**Exercise goal:** All of the data should be output character for character, except the pictures.

**Data shown:**
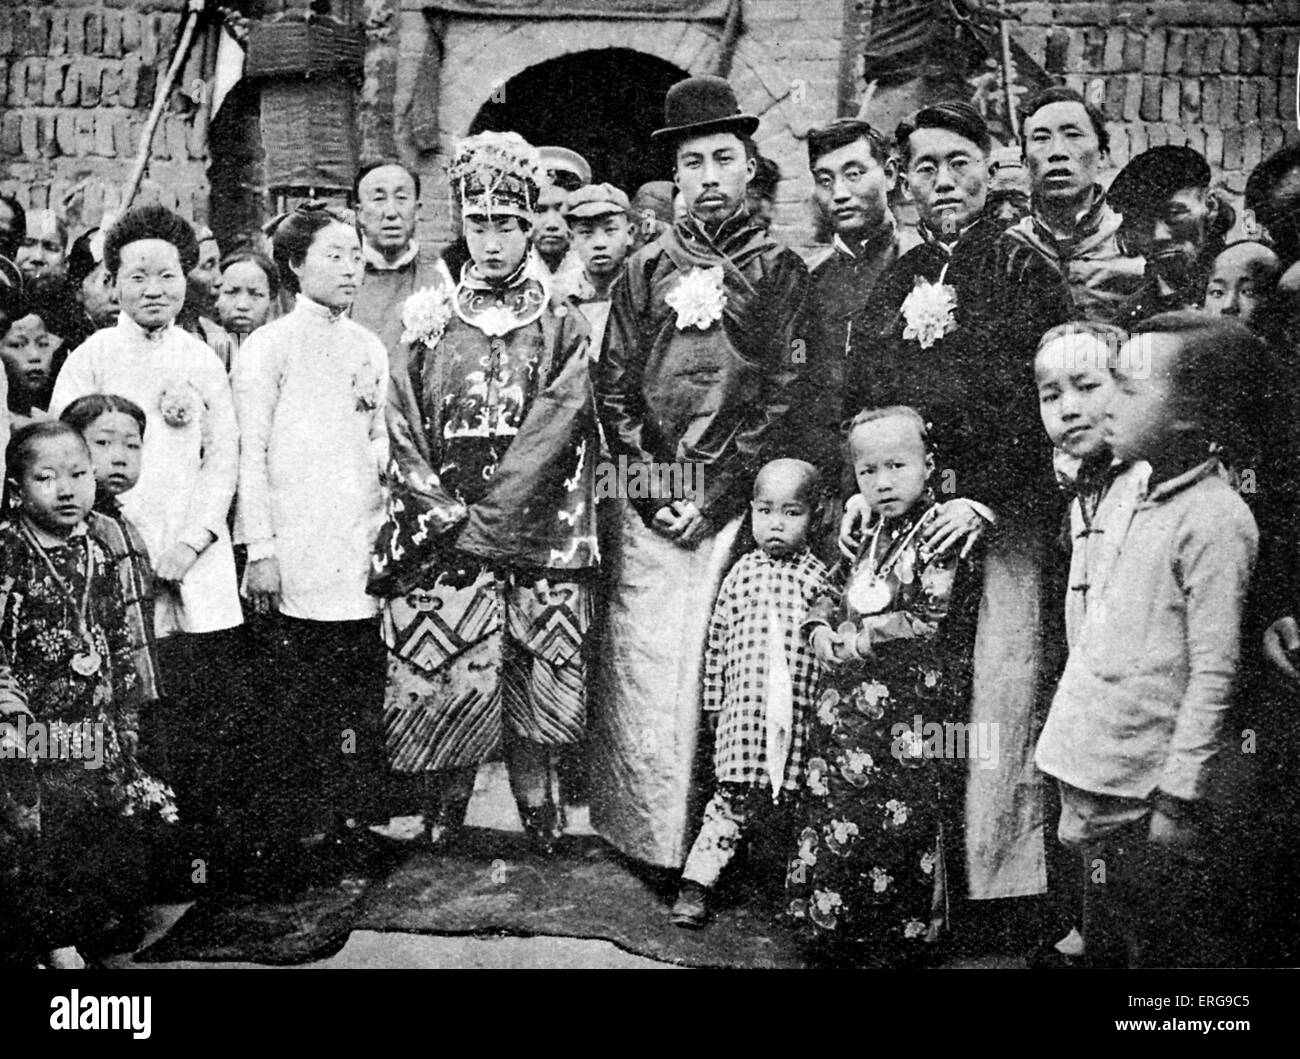 Hochzeitsfeier am Fen Chou Fou, China. Anfang des 20. Jahrhunderts. Traditionelle Kleidung. Stockfoto
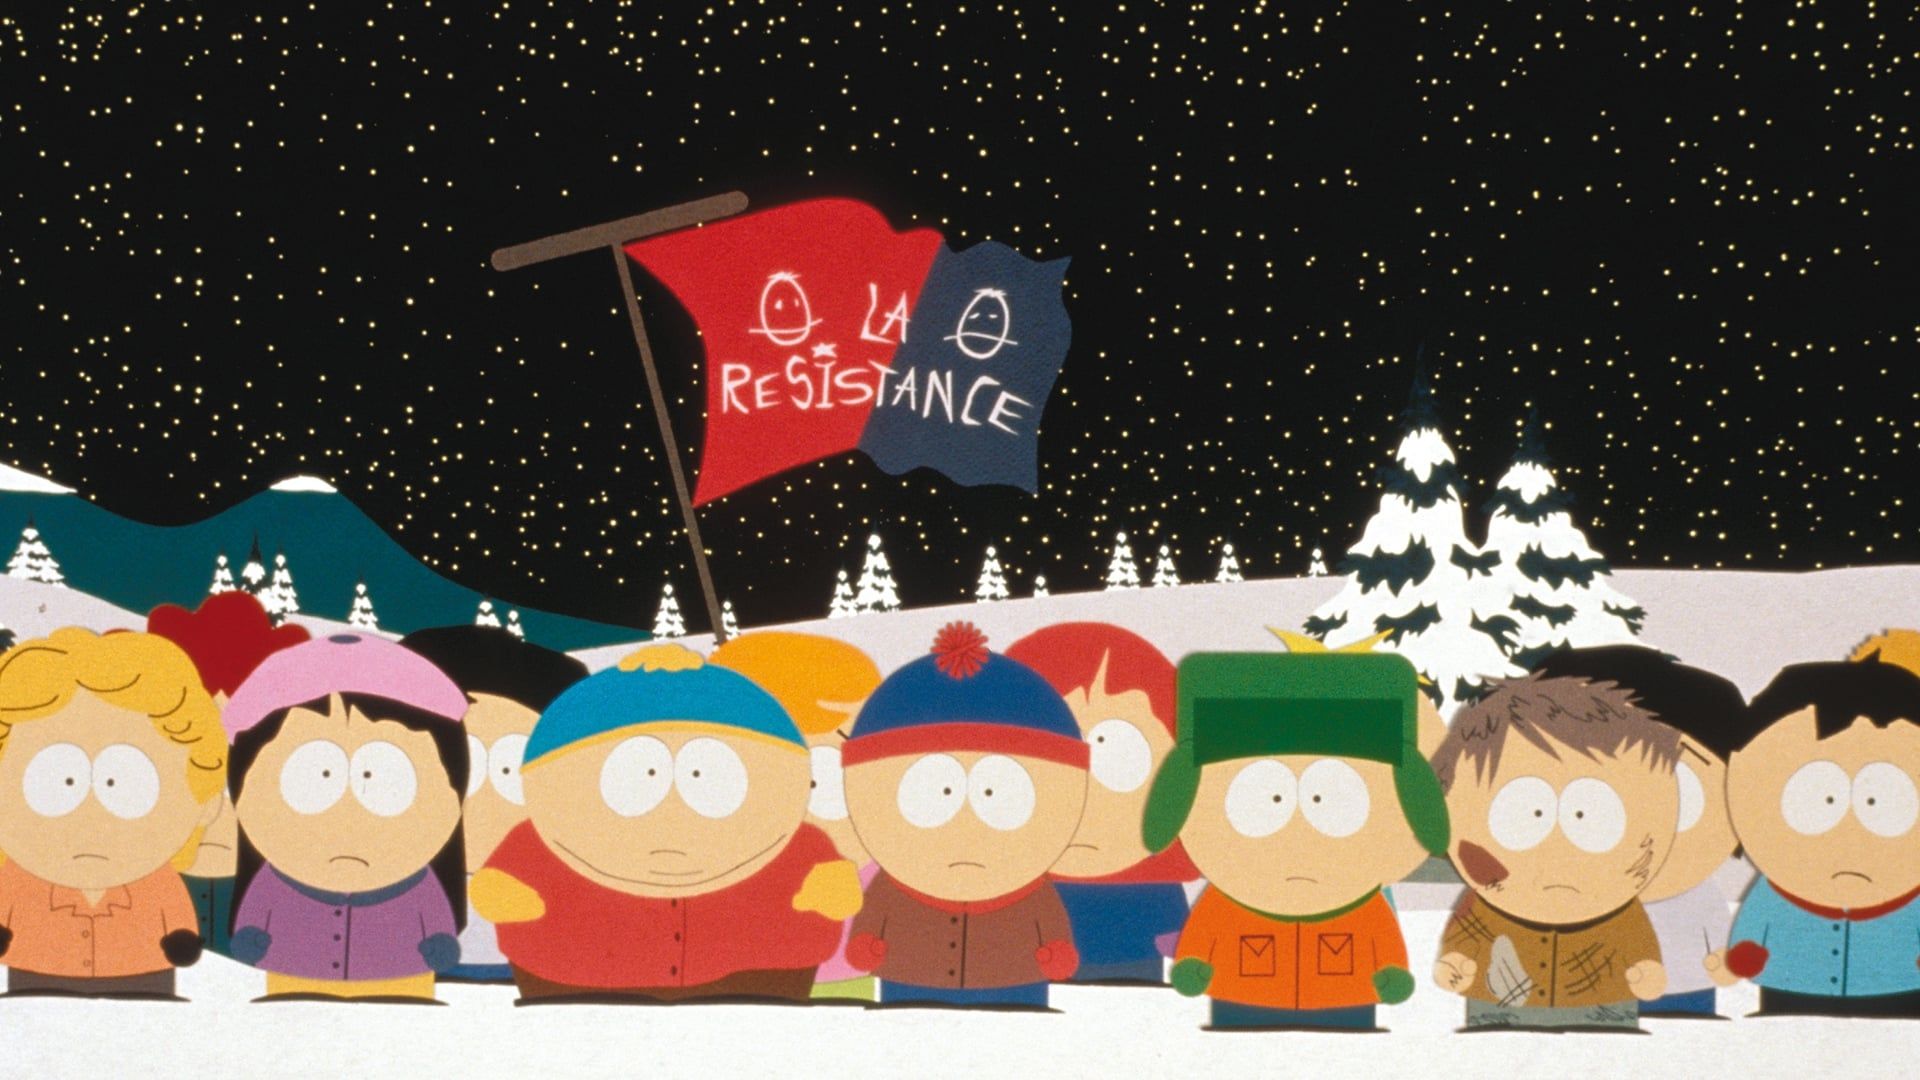 South Park: Bigger, Longer & Uncut Backdrop
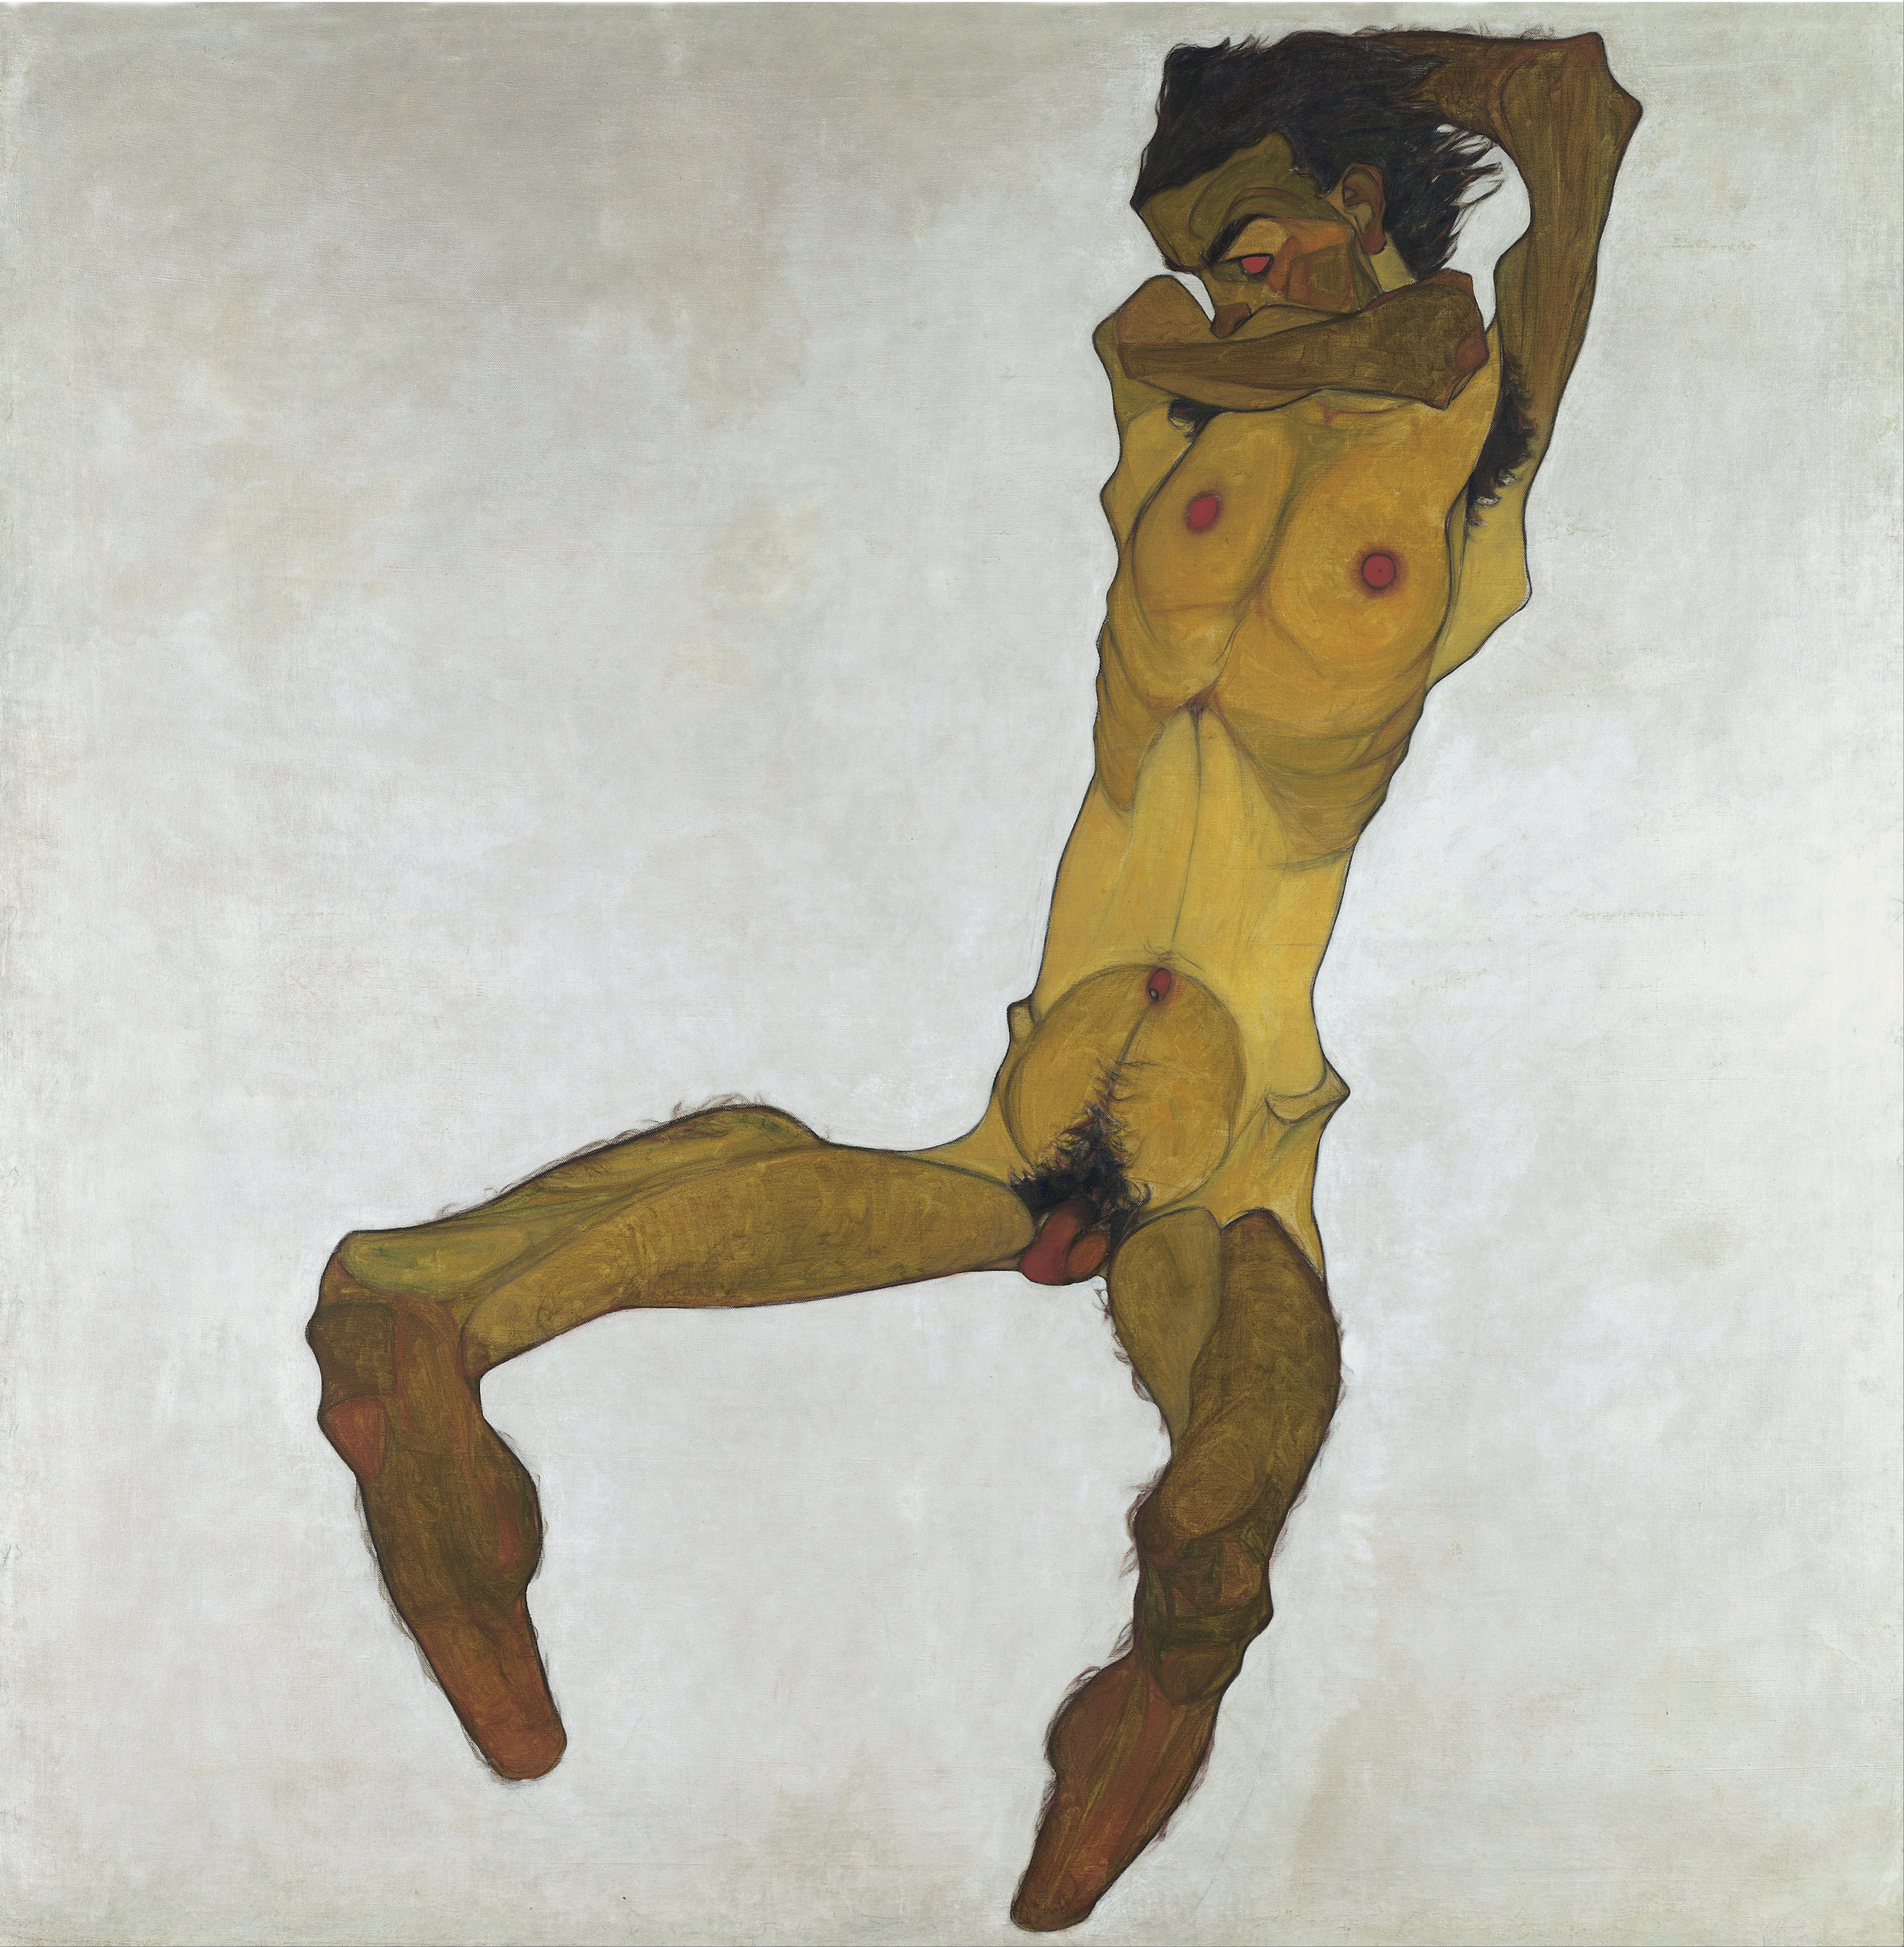 앉아 있는 남성 누드 (자화상) by Egon Schiele - 1910 - 150 x 152.5 cm 
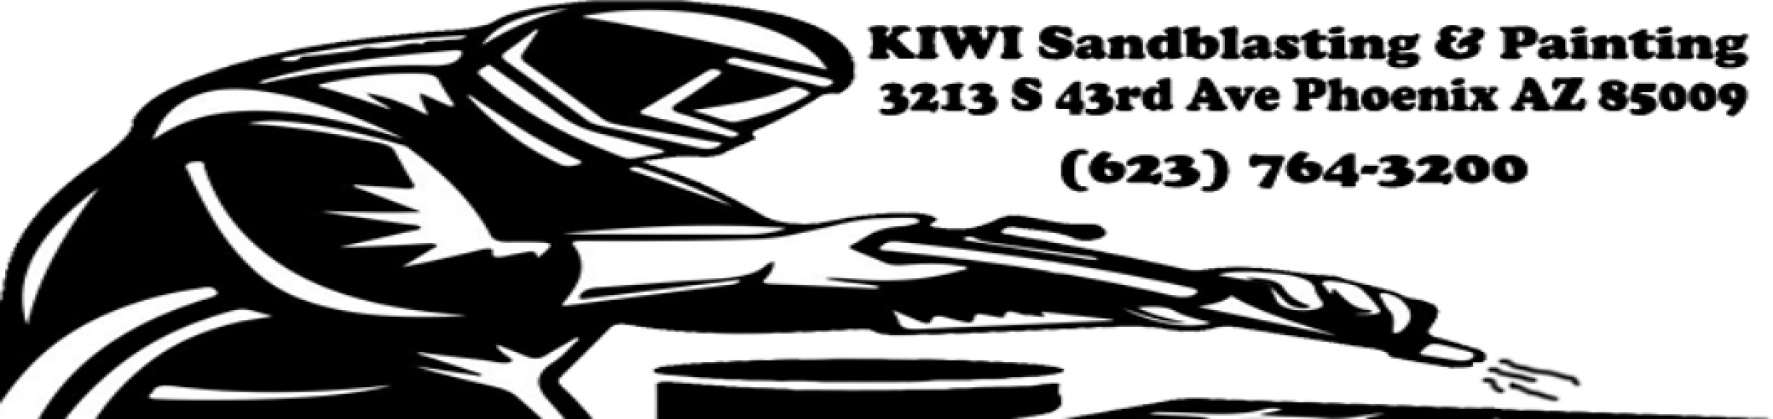 4809320428 Kiwi Sandblasting & Painting

**Solution to this problem:**
 Hochzeitsfeier am Fen Chou Fou, China. Anfang des 20. Jahrhunderts. Traditionelle Kleidung. Stockfoto
 South Park: Bigger, Longer & Uncut Backdrop
 앉아 있는 남성 누드 (자화상) by Egon Schiele - 1910 - 150 x 152.5 cm 
 4809320428 Kiwi Sandblasting & Painting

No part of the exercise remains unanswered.